Monday, April 20, 2015

The Connected Home: a look ahead or a look back?


How long have we been talking about the Connected Home? I think I first encountered the concept in 1995 when I read the book “The Road Ahead” by Bill Gates. The book was a gee-whiz set of predictions about the world to come, and I remember this about his description of the home of the future: you’d wear some kind of identifying electronic gadget, and the home would sense your movement from room to room and adjust heat, lights and music throughout as you moved around. It would learn your preferences and respond accordingly. Coming soon!

So here we are twenty years later and I’ve just finished reading the latest issue of CNET magazine, which has a special seven-article report on ‘The Modern Smart Home’. And it looks like we’ll soon have houses that will adjust heat, light and music as we move from room to room, except now we’ll control it all from a smartphone app.

Yes, it felt like déjà vu all over again as I read CNET’s description of the new gadgetry that awaits us, and it caused me to reflect on how far we’ve NOT come in 20 years.
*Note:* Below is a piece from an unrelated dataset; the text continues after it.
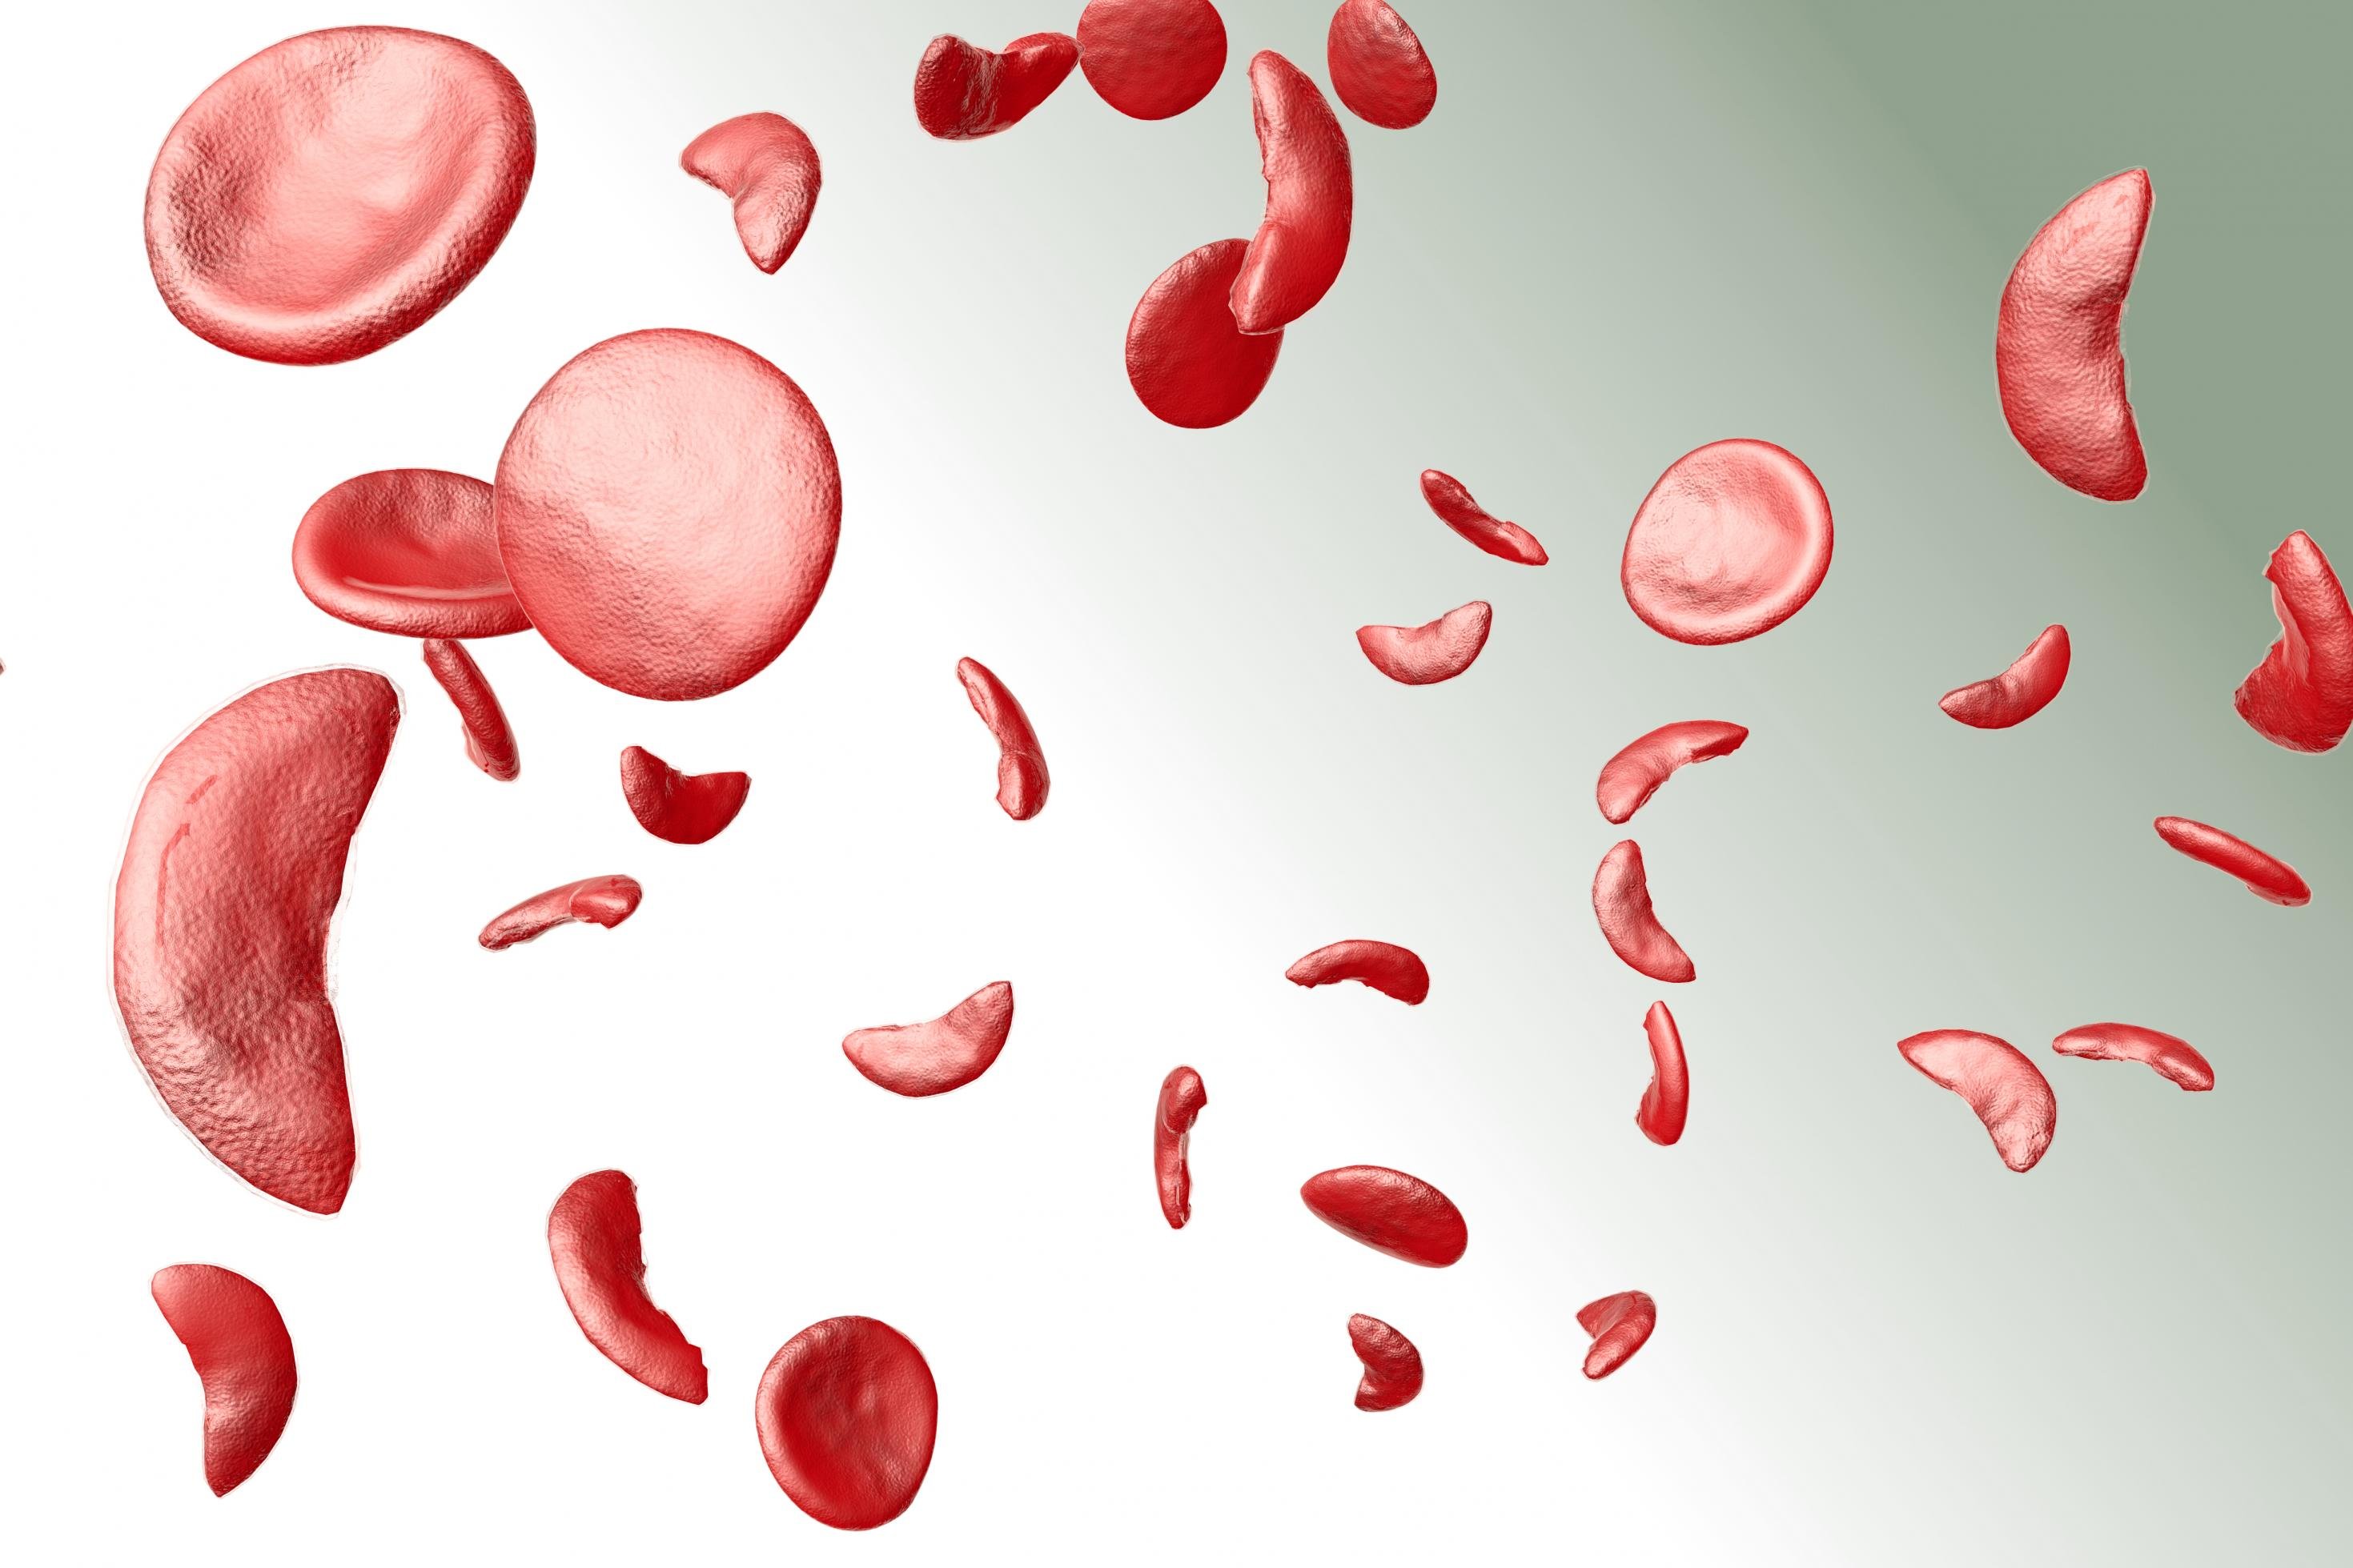 Grafische Animation der roten Blutkörperchen im menschlichen Blut. Die regulären Blutkörperchen sind eher rund, bei der Sichelzellenanämie sind sie sichelförmig. Der Unterschied ist bereits unter dem Mikroskop zu sehen.
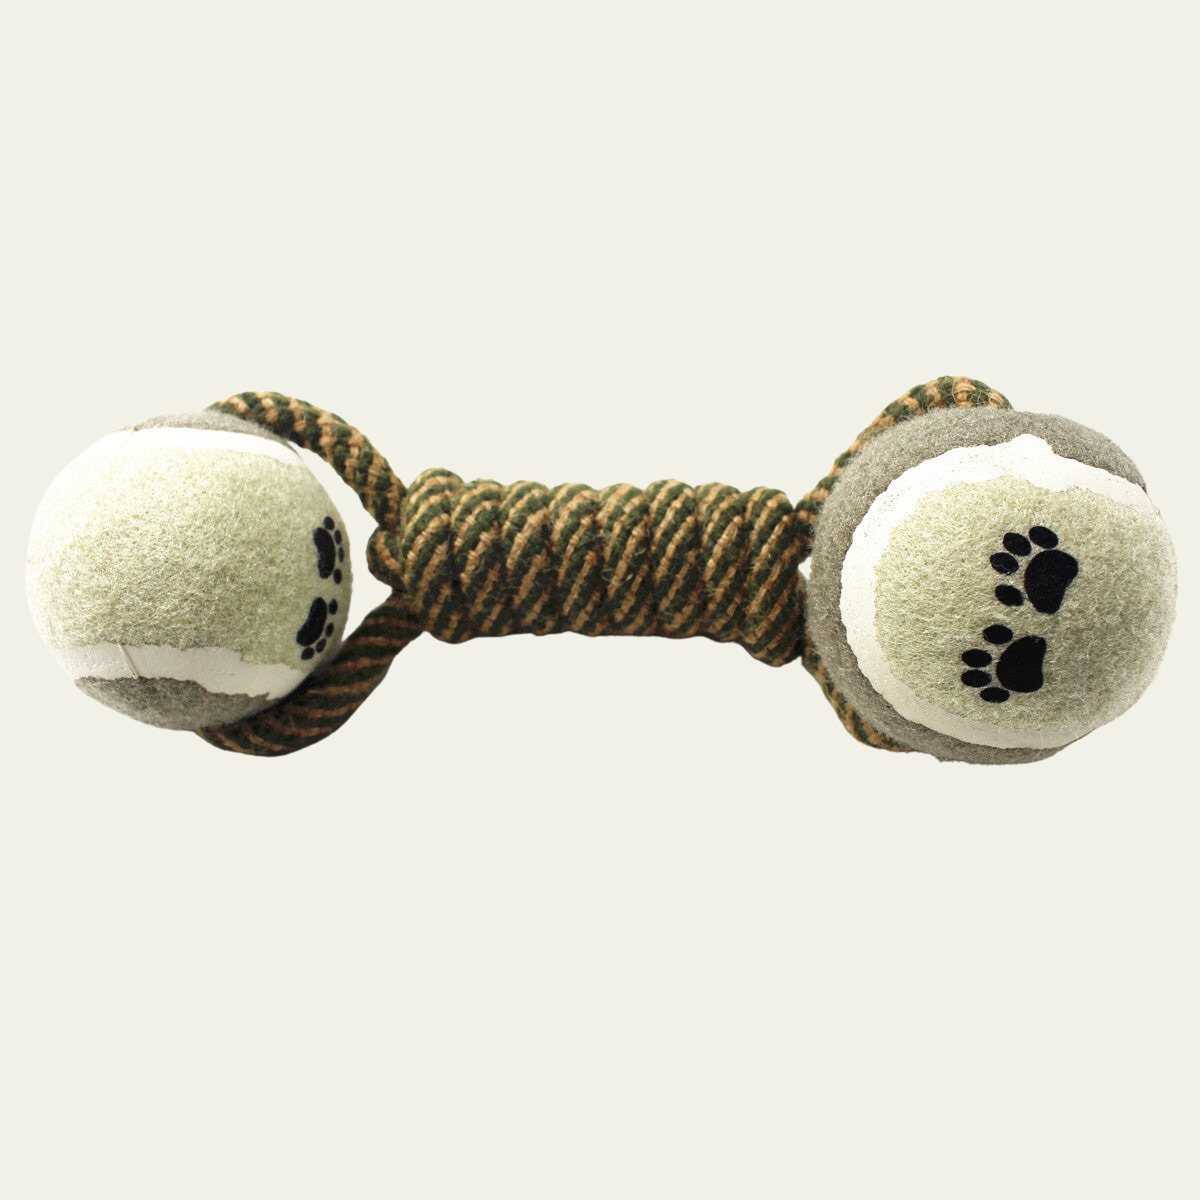 Premium Cotton Animal Instinct Rope Toy

To be fair, CNET described products that are either on the market or in prototype or start-up mode right now, so you could, with money and determination, actually put all this together if you were so inclined. That wasn’t true twenty years ago. But I was also struck by a lack of vision of where this idea could really go.

The technology for making a home smart seems to be based on our presumed desire to make small tasks automatic. Room lighting is a good example: no longer do we need to be burdened with having to flick on a wall switch when entering a room. Motion detectors will take care of that, or we can whip out a smartphone and adjust the lighting with an app!

It’s surprising (well, maybe not surprising) that much of the connected home technology revolves around doing things with an app. Do I really need to fumble for my phone in order to open the automatic garage door, when I also have a gadget on my visor (or a button already built into the car) to do that? Is turning lights on and off with an app really better than the wall switches we’ve used forever? Years ago, I downloaded an app on my iPhone that simulated my Verizon remote control. Now I could control the TV from my phone, instead of the controller that was sitting on the table right next to me. Well, one fewer gadget to buy batteries for, I guess.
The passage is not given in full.